Fairyflies exhibit considerable variation in their wing shapes in comparison to other chalcidoids. The fully developed (macropterous) wings of fairyflies are normally flat with rounded tips and are several times longer than they are wide. These kinds of wings usually exhibit interspecific and intergeneric variation in terms of the length to width ratio and the shape of the wing outline (especially of the tips and the rear margins) of the forewings. In some species the forewings are relatively wide, like in the genus Paranaphoidea which have forewings only two and a half times as long as they are wide. In other species, the forewings are extremely narrow, like in Cleruchus bicilliatus whose forewings are about thirty times as long as they are wide.[17] Forewing curvature, such that it is distinctly convex or dome-shaped, is also exhibited by at least one species of the genera Cremnomymar, Mymarilla, Parapolynema, and Richteria. Most of these species inhabit particularly harsh and wind-swept environments, and the curvature may help in absorbing and retaining heat or prevent the fairyflies from being blown away.[17]

The hindwings are stalked (petiolate) and very narrow.[13] [17] They do not exhibit much variation, in contrast to the forewings. They can range from narrow and thread-like (as in members of the genus Mymar) to relatively wide (as in members of the genus Paranaphoidea). In rare instances, the hindwings may also exhibit curvature, with a convex or concave anterior and posterior margins.[17]

Some fairyflies possess slightly reduced (brachypterous) to greatly reduced (micropterous) wings, while others may even be completely wingless (apterous).[13] [17] [18] Wing reduction or absence is usually exhibited by at least one sex (usually the female) of species that search for host eggs in confined areas (like leaf litter, soil, or the tubules of bracket fungi). Wing reduction or absence is also exhibited by species that inhabit windy habitats like oceanic islands or high elevations, particularly endemic species which are found in isolated habitats or are located far from the nearest mainland. In these habitats, wings would only be a hindrance to the fairyflies, so are strongly selected against in evolution. For example, the three known species of fairyflies found in the far southern islands of Campbell and Auckland of the southwestern Pacific and South Georgia of the southern Atlantic, as well as 20% of the fairyfly fauna in the Juan Fernández Islands, Norfolk Island, and Lord Howe Island, are all wingless or short-winged. While wingless and short-winged species may also be found in islands near continents and in continental habitats, they usually constitute only a small percentage of the overall number of species.[17]

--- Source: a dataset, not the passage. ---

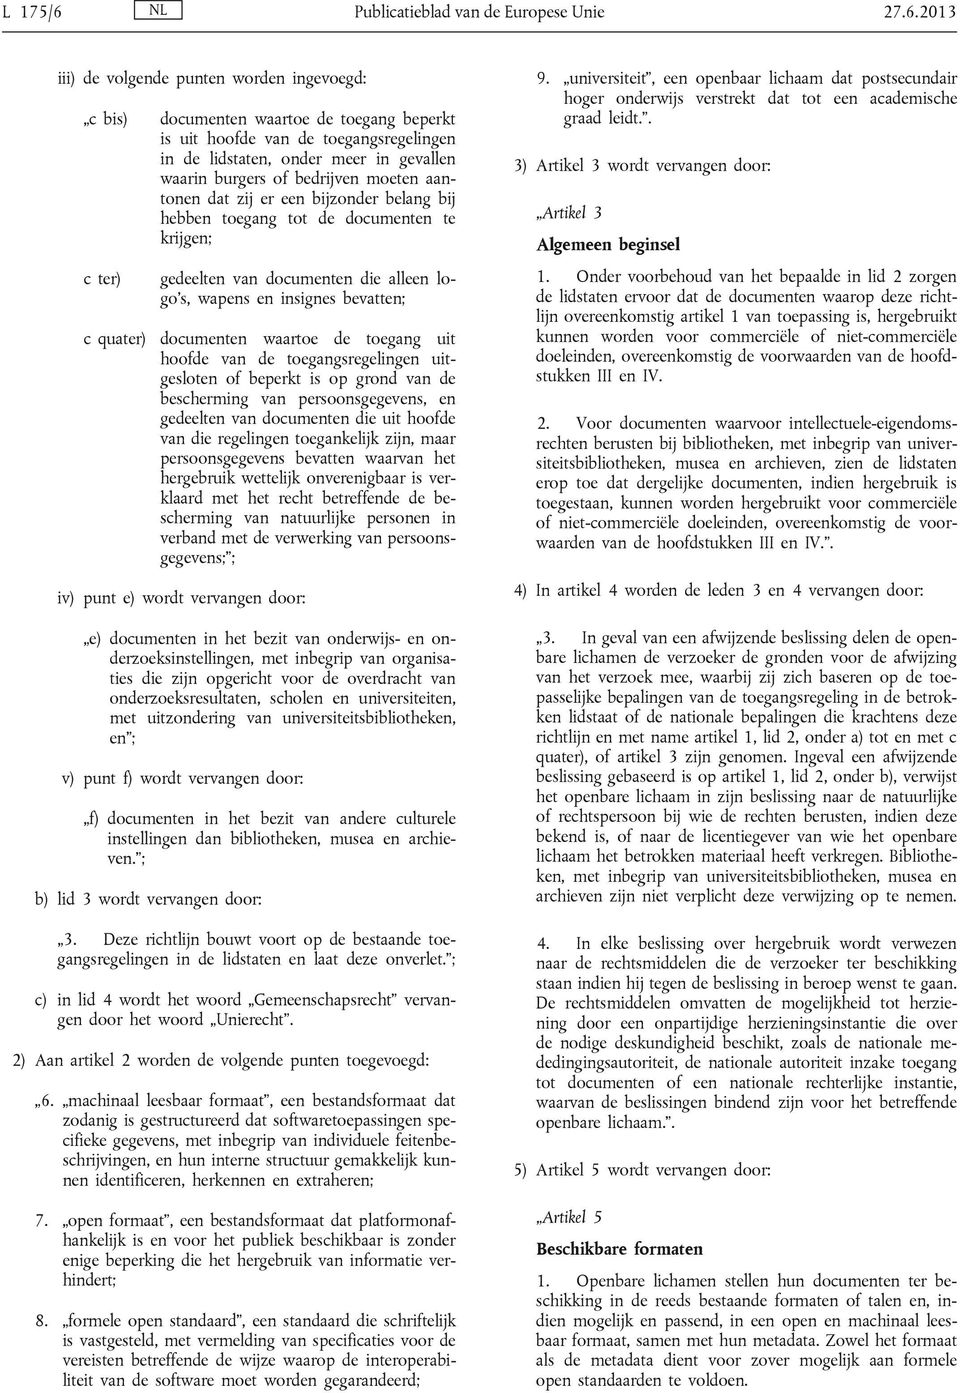 2013 iii) de volgende punten worden ingevoegd: c bis) documenten waartoe de toegang beperkt is uit hoofde van de toegangsregelingen in de lidstaten, onder meer in gevallen waarin burgers of bedrijven

Because of their small sizes, fairyflies may sometimes be mistaken for members of the families Aphelinidae and Trichogrammatidae, but members of these other families can readily be distinguished by having much shorter antennae.[13]

Distribution and habitat

Fairyflies are some of the most common chalcidoid wasps, but because of their minute sizes they are seldom noticed by humans. This apparent invisibility, their delicate bodies, and their hair-fringed wings have earned them their common name.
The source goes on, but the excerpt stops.